2.4. Antioxidant Activity of the Extracts

Free radical scavenging activity of the obtained four extracts was measured using 2,2-diphenyl-1-picrylhydrazyl (DPPH) method (absorbance at 517 nm), along with the β-carotene-linoleic acid (BCB) bleaching assay [71,78,79]. The DPPH is a stable free radical alcohol soluble and the assay is based on its scavenging by the active principles of the extracts, while BCB assay is based on the bleaching inhibition of this system by the extract biocompounds. The concentration of extract or the references compounds ascorbic acid (AA) and butylated hydroxyl toluene (BHT)) responsible for 50% of inhibition of DPPH radical or BCB bleaching inhibition after 24 h of incubation was determined [80,81,82].

2.5. Statistical Analysis

The results of the percentages of the fungal linear inhibition of six isolates of Fusarium oxysporuma as affected by four concentrations (500, 750, 1000 and 1250 mg/L) of the ethanol extract of C. maculatum leaves, A. saligna bark, S. terebinthifolius wood and Ficus eriobotryoides leaves were statistically analyzed with two-way analysis of variance (ANOVA) using SAS software (SAS Institute, Release 8.02, Cary, North Carolina State University, Raleigh, NC, USA) [83]. The means were compared against the control treatment according to Duncan’s Multiple Range Test at a 0.05 level of probability.

3. Results

3.1. Phytochemical Analysis of Extracts by HPLC

Table 1 presents the chemical compounds of the phenolic and flavonoid compounds as well as caffeine identified in the 80% ethanolic extracts from Conium maculatum leaves, Acacia saligna bark, Schinus terebinthifolius wood, and Ficus eriobotryoides leaves. Figure 1 shows the HPLC chromatograms of the identified compounds from studied extracts. The highest amounts (mg/kg extract) of chemical compounds p-hydroxy benzoic acid (444.37), benzoic acid (342.16), gallic acid (311.32), rosmarinic acid (117.87), vanillic acid (95.21) and p-coumaric acid (81.86) were observed in C. maculatum leaf extract.

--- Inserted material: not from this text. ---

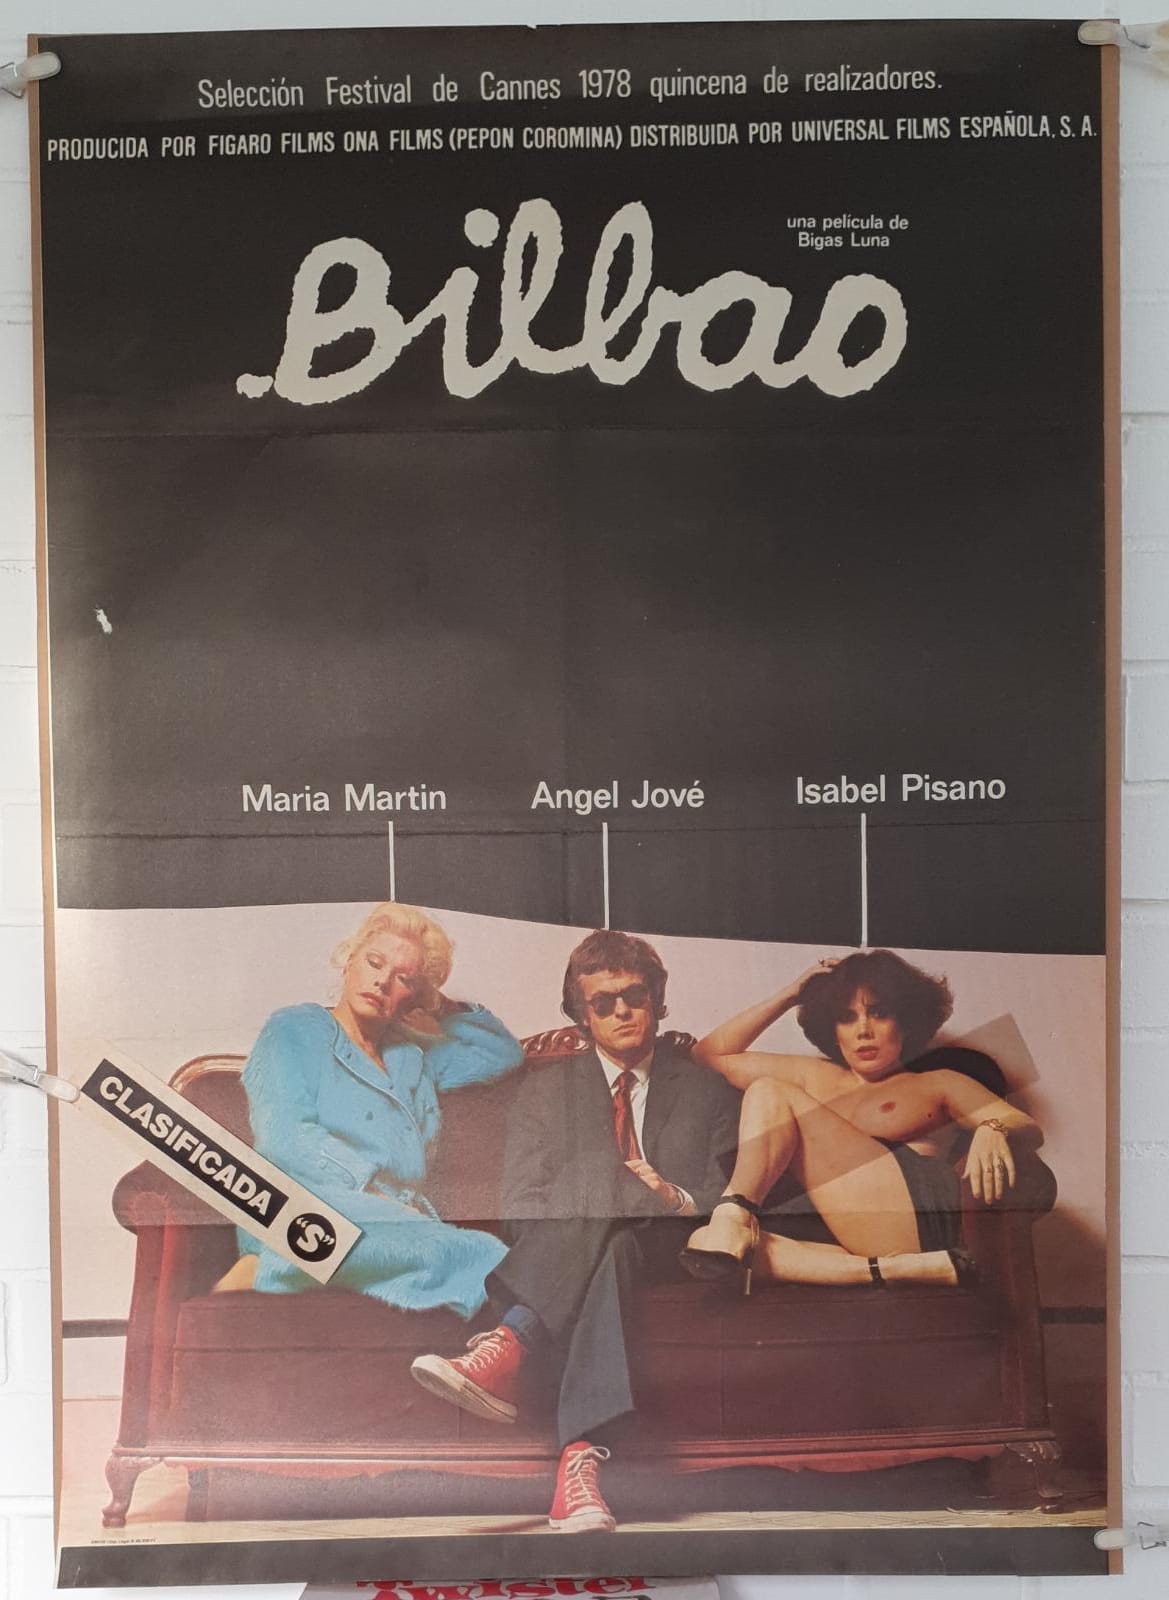 Bilbao de Bigas Luna. Cartel (100x70) de Estreno, 1977

A. saligna bark extract showed the presence of gallic acid (2551.02), benzoic acid (1580.32), caffeine (106.73), and chlorogenic acid (103.50) followed by vanillin (69.46), caffeic acid (53.55), rosmarinic acid (49.57) and ferulic acid (42.17) as main compounds in mg/kg extract. The compounds quinol (2530.22), naringenin (1224.904), rutin (798.29), catechol (732.28), benzoic acid (697.73), quercetin (315.44), caffeic acid (302.27), caffeine (267.62), p-hydroxy benzoic acid (233.27), rosmarinic acid (187.66), chlorogenic acid (174.65), kaempferol (175.06) and o-coumaric acid (139.04) were observed as the highest amounts (mg/kg extract) identified in S. terebinthifolius wood extract. In the ethanol extract of F. eriobotryoides leaves, the highest peaks (mg/kg extract) observed were rutin (9168.03), o-coumaric acid (2016.93), p-hydroxy benzoic acid (1009.20), resveratrol (1156.99), and rosmarinic acid (574.907).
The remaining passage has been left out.